United States v. Claude "Buddy" Leach

632 F.2d 1337, 1980 U.S. App. LEXIS 11242
CourtCourt of Appeals for the Fifth Circuit
DecidedDecember 19, 1980
Docket80-3041
StatusPublished
Cited by28 cases

This text of 632 F.2d 1337 (United States v. Claude "Buddy" Leach) is published on Counsel Stack Legal Research, covering Court of Appeals for the Fifth Circuit primary law. Counsel Stack provides free access to over 12 million legal documents including statutes, case law, regulations, and constitutions.

Bluebook
United States v. Claude "Buddy" Leach, 632 F.2d 1337, 1980 U.S. App. LEXIS 11242 (5th Cir. 1980).

Opinion

AINSWORTH, Circuit Judge:

Claude “Buddy” Leach, a United States Congressman, appeals from the order of the district court denying his motion to dismiss the indictment against him alleging election irregularities on the ground of collateral estoppel. 1 Leach contends that the factual issues involved in the present indictment for receiving illegal campaign contributions were conclusively determined in his favor at his previous trial for “vote buying,” We agree, vacate the order of the district court, and order dismissal of the indictment.

Congressman Leach was elected to the House of Representatives by a narrow margin on November 7, 1978. 2 His district, encompassing eight parishes in northwestern Louisiana, included Leesville, Leach’s home town. The undisputed evidence at trial showed that a number of persons from one precinct in Leesville were paid to vote for certain candidates, including Leach. The vote-buying scheme appears to have involved several persons, among them Ralph McRae, Jr., the Mayor of Leesville at the time; his father, Ralph McRae, Sr.; Robert Pynes, a Leesville merchant; and *1339 Willie Fisher, who allegedly made the actual arrangements to transport voters to the polls and pay them for their votes. 3

Leach, his law partner Edwin Cabra, and another man who pleaded guilty before trial, were named in a fifteen-count indictment. Counts One through Eleven alleged that all three defendants participated in the vote-buying scheme. 4 The remaining four counts, applicable only to Leach, alleged that he had received illegal campaign contributions. 5 On the motion of Cabra, which was opposed by both the Government and Leach, the campaign-contribution counts were severed from the vote-buying counts. 6 Leach and Cabra were tried before a jury and found not guilty of the vote-buying counts on November 3,1979. On November 15, 1979, the grand jury returned a superseding indictment on the campaign-contribution counts. It is that indictment which Leach now seeks to set aside.

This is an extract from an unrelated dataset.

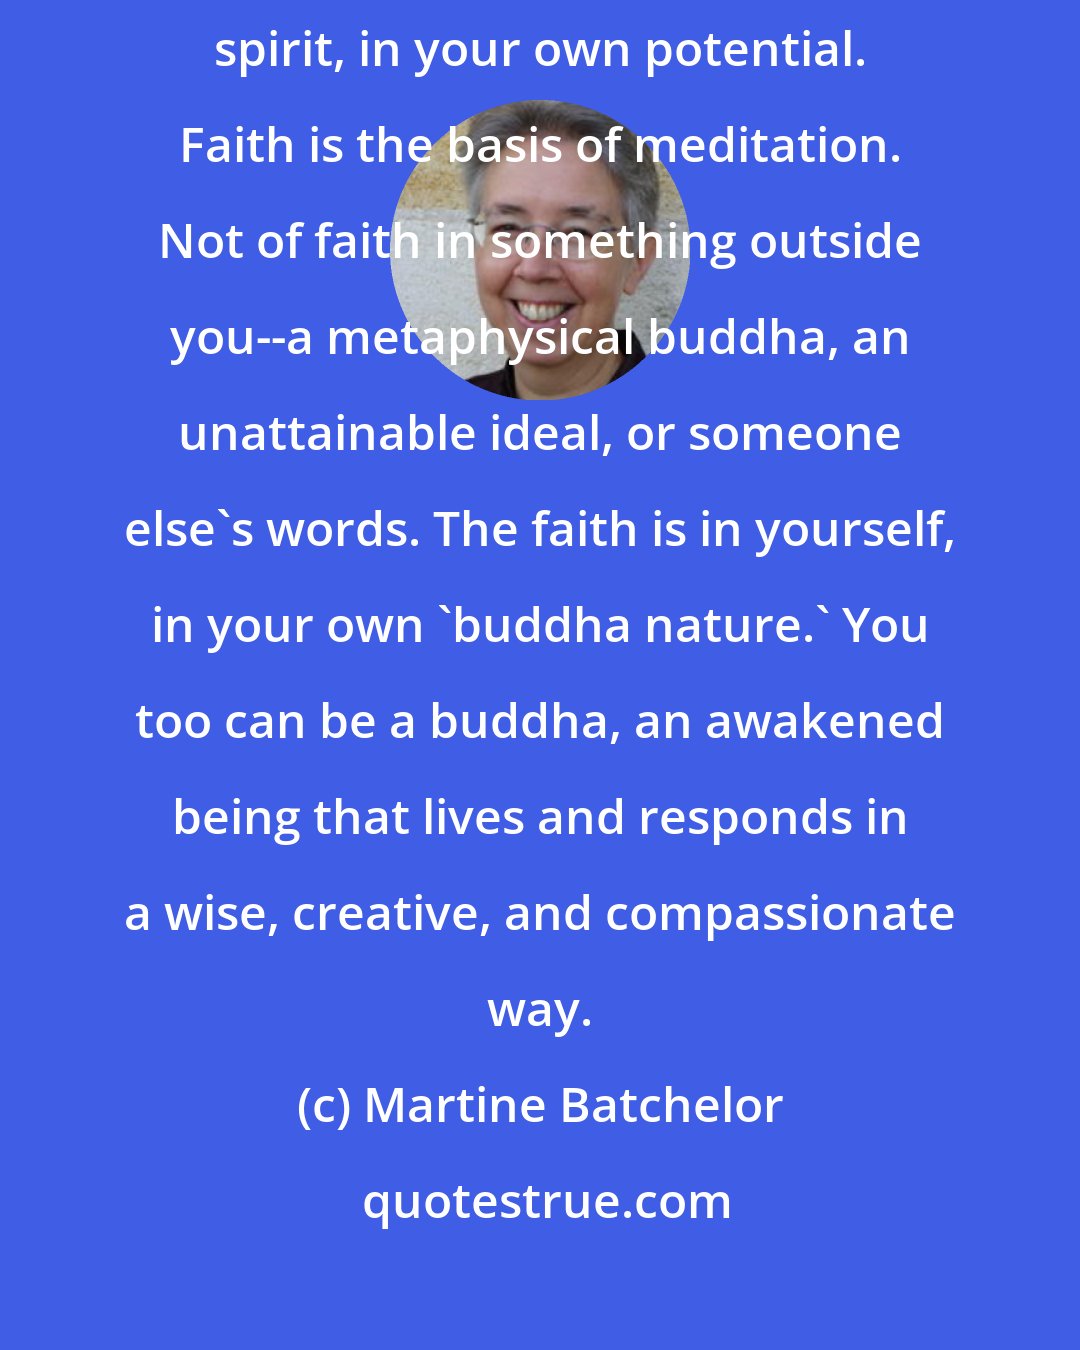 Martine Batchelor: An act of meditation is actually an act of faith--of faith in your spirit, in your own potential. Faith is the basis of meditation. Not of faith in something outside you--a metaphysical buddha, an unattainable ideal, or someone else's words. The faith is in yourself, in your own 'buddha nature.' You too can be a buddha, an awakened being that lives and responds in a wise, creative, and compassionate way.

Leach’s contention that collateral estoppel bars trial on the campaign-contribution counts is based on the Supreme Court’s decision in Ashe v. Swenson, 397 U.S. 436, 90 S.Ct. 1189, 25 L.Ed.2d 469 (1970). In Ashe, the defendant was tried and acquitted on a charge of armed robbery of one of the six participants in a poker game. The state then prosecuted him for the robbery of another of the poker players, this time obtaining a conviction. The Supreme Court ruled that the second trial was barred by collateral estoppel:

“Collateral estoppel” is an awkward phrase, but it stands for an extremely important principle in our adversary system of justice. It means simply that when a [sic] issue of ultimate fact has once been determined by a valid and final judgment, that issue cannot again be litigated between the same parties in any future lawsuit.

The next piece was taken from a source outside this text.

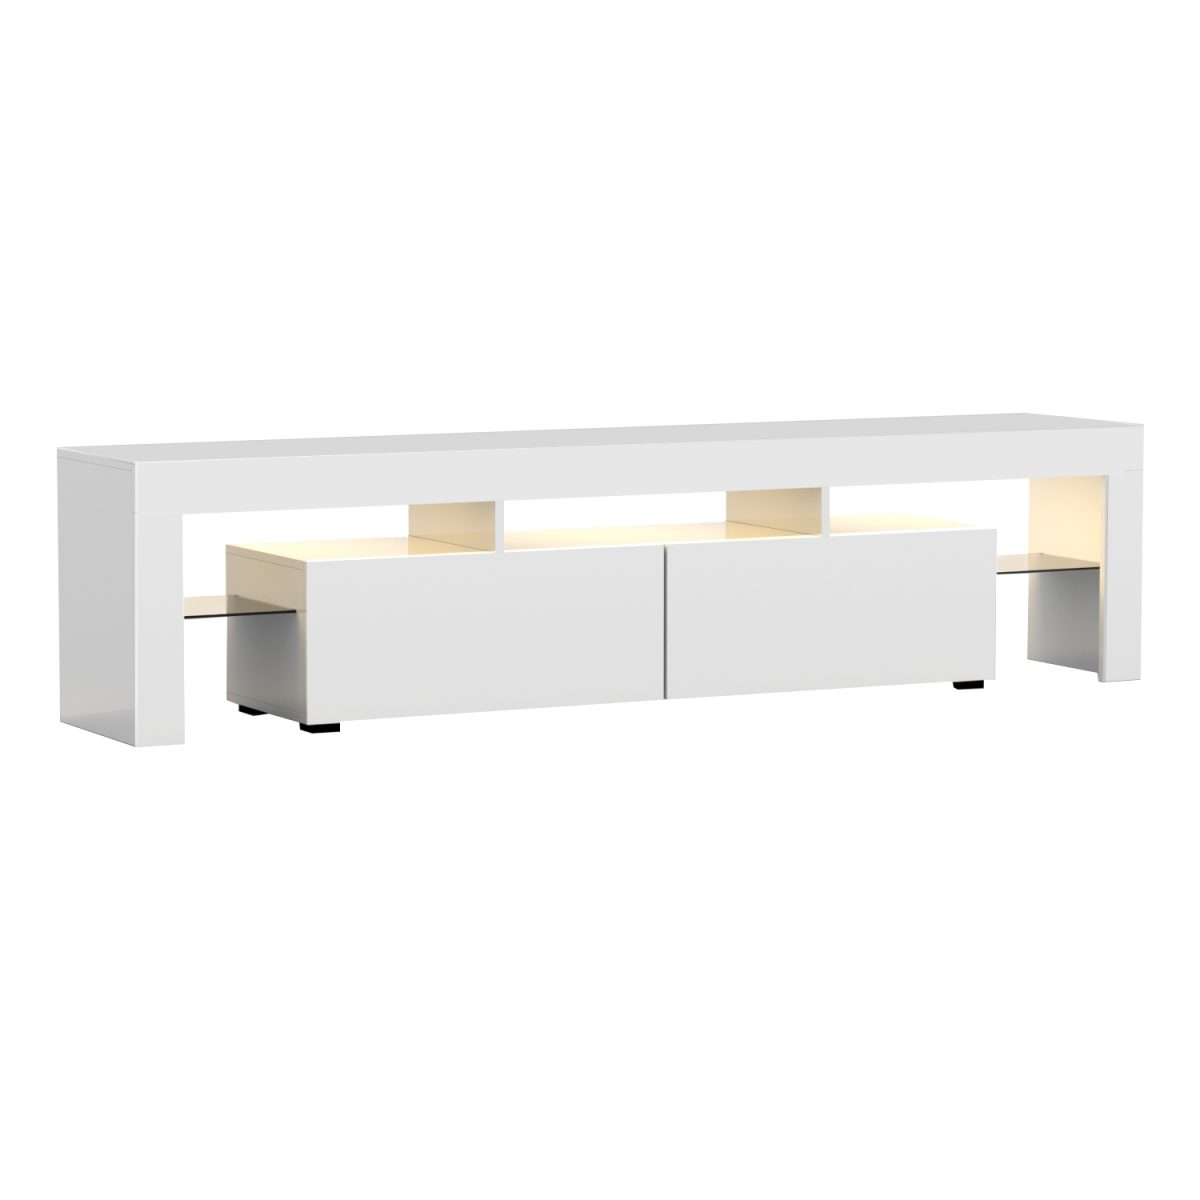 Artiss 189cm RGB LED TV Stand Cabinet Entertainment Unit Gloss Furniture Drawers Tempered Glass Shelf – White

397 U.S. at 443, 90 S.Ct. at 1194. In addition to stating the rule of collateral estoppel, and holding that collateral estoppel in a criminal case is embodied in the Fifth Amendment’s guarantee against double jeopardy, the Supreme Court held that courts should take a nontechnical, commonsense approach in deciding whether an issue has been previously decided:

The federal decisions have made clear that the rule of collateral estoppel in criminal cases is not to be applied with the hypertechnical and archaic approach of a 19th century pleading book, but with realism and rationality. Where a previous judgment of acquittal was based upon a general verdict, as is usually the case, this approach requires a court to “examine the record of a prior proceeding, taking into account the pleadings, evidence, charge, and other relevant matter, and conclude whether a rational jury *1340 could have grounded its verdict upon an issue other than that which the defendant seeks to foreclose from consideration.” The inquiry “must be set in a practical frame and viewed with an eye to all the circumstances of the proceedings.” Sealfon v. United States, 332 U.S. 575, 579, 68 S.Ct. 237, 240 [92 L.Ed. 180], Any test more technically restrictive would, of course, simply amount to a rejection of the rule of collateral estoppel in criminal proceedings, at least in every case where the first judgment was based upon a general verdict of acquittal.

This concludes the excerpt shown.